ANOTHER SOUTHWEST IOWA HOSPITAL PLANS FOR EXPANSION
(HARLAN) Myrtue Medical Center in Harlan is planning a major expansion and upgrade of their facilities.
The hospital was built in the early 1950’s and has been expanded or renovated 11 times. CEO Barry Jacobsen says this expansion and renovation focuses a lot on outpatient specialty clinics and surgery.
“We are planning to move both of those services down one floor and create a new entrance from the south,” Jacobsen explained. “We will be adding about 17-thousand square feet to the south and renovate adjacent space that in the past year became available when our Home and Public Health departments moved off campus and our rehab services moved over to the new Wellness Center, so surgery and outpatient specialty clinics will take over this new and renovated space.”
Jacobsen said the lab department will double its current space when it moves to the lower level and radiology will gain much needed space when it expands into the vacated lab area. He said when the first phase is complete the key outpatient services will have access off of Highway 44 with ample parking available.
The second phase of the project will take the space vacated by surgery and outpatient specialty clinics and be converted into administration and business offices and some meeting rooms. A north entrance will be created for access to these areas. One more Labor, Delivery, Recovery, and Postpartum room will also be added with enhanced security in the OB department. The plan also calls for upgrading technology in surgery, radiology, and the information systems area.
Jacobsen said in addition to the 17-thousand square feet expansion, about 49-thousand square feet of existing space will be renovated.
“The total cost of the building project is estimated at 14.3 million dollars and the technology piece of the project will add another 1.5 million dollars to the total cost,” said Jacobsen. “Funding will come from existing reserves, Shelby County Health Foundation, and capital revenue notes. There will be no direct taxpayer involvement in the funding of this project.”
Jacobsen said this has been about a 3 ½ year planning process.

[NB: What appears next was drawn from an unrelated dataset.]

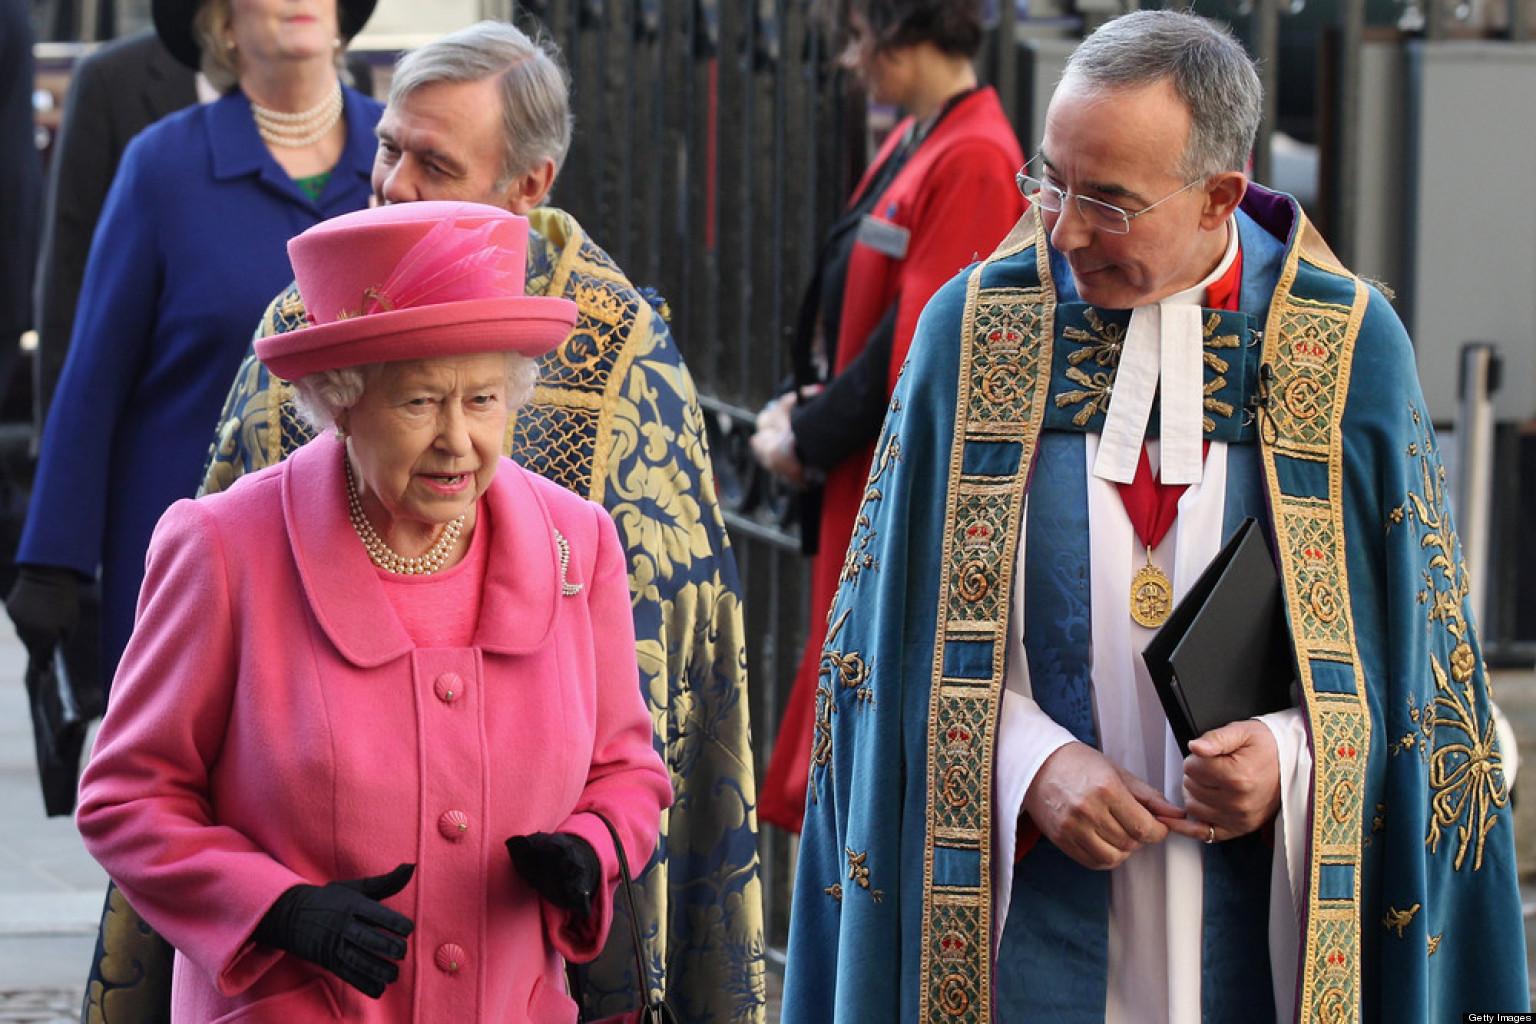 Royal Wedding Officiant Visits US

“I think it’s just important to emphasize that the focus all along in the planning process has been on our patients; quality care, access, privacy, and patient comfort have kind of been the things that have driven the planning process,” said Jacobsen.
A public hearing on the project will be held on April 12th. Jacobsen said they are hoping to gain approval from the board to go out for bids following the hearing and hopefully start on the project this summer.
The project would take around 2 to 2 ½ years to complete.